Belgian lab sues Dutch state for ‘support’ SIP-test

Belgian lab sues Dutch state for ‘support’ SIP-test

The Belgian laboratory Gendia, a major maker of Non-Invasive Prenatal Testing (SIP), suing the Dutch state for unlawful state aid.

Gendia earned over the past years, to Dutch women who, in their own country were not eligible for the blood test, which, inter alia, Down’s syndrome brings to light. But because the government is now eight university medical centers (UMC’s) with 26 million euros per year goes to subsidize so that the test is relatively cheap to offer, threatening the company from the Dutch market to be priced.

The Belgian lab has the number of evaluations performed significantly decline. “Normally we sit on 100 to 120 customers per week through our two hundred priklocaties in the Netherlands, last month, there were still only 45,” says Patrick Willems from Gendia to the Volkskrant.

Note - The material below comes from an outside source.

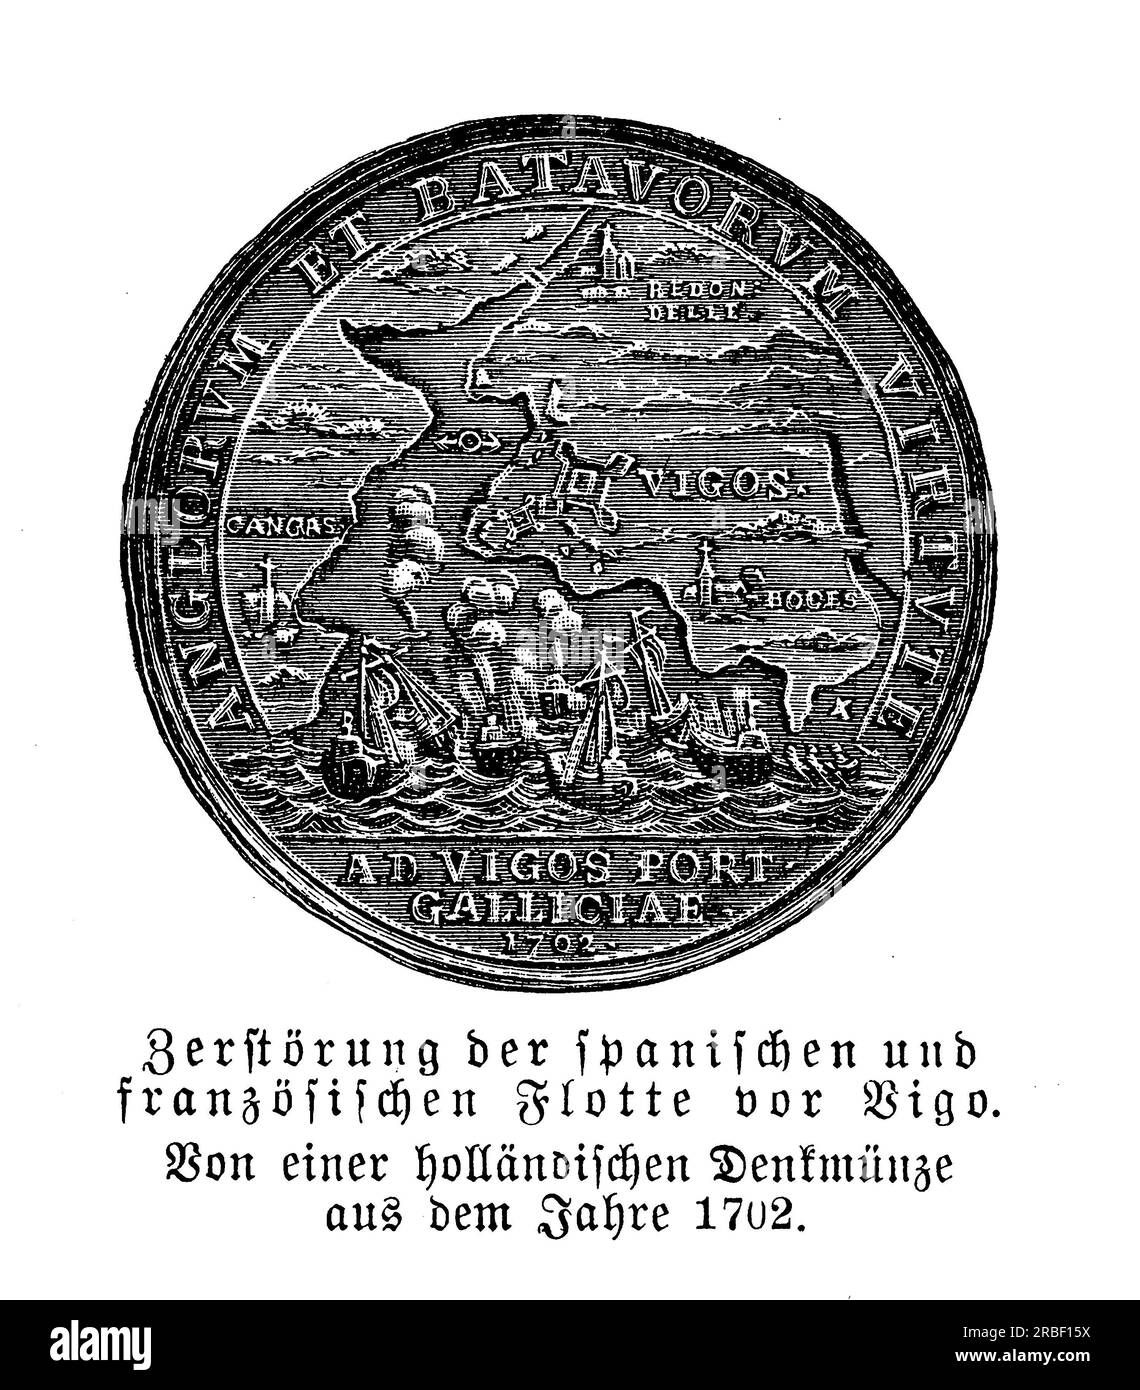 Medaglia comemmorativa olandese della battaglia della baia di Vigo, 1702, nota anche come battaglia di Rande in Galizia, scontro navale durante la guerra di successione spagnola con la sconfitta della flotta franco-spagnola Foto Stock

From april 1, is SIP available for all pregnant women. Yet there were only women in whom the blood test an increased risk of Down came the blood test.

The own contribution amounts to 175 euro. Gendia is not entitled to the subsidy scheme and therefore that there is distortion of competition. The company hopes through a short case for each other to get that the scheme is suspended, so that then the European Commission an opinion on can sheets.


Dutch women did not have to go to Belgium for the SIP. Gendia has two hundred places in the Netherlands ‘priklocaties’. The lab says more than 21,000 women to have helped.

Hospitals let it know a rush is expected. The three academic centers, the NARROWLY offering (Rotterdam Erasmus MC, VUmc in Amsterdam and Maastricht UMC+) count from Monday to thirty times as many tests to take.

They do now share, like, ten tests per day, but anticipate to 360 tests per day. To do this, more and more people adopted and is more laboratory equipment purchased.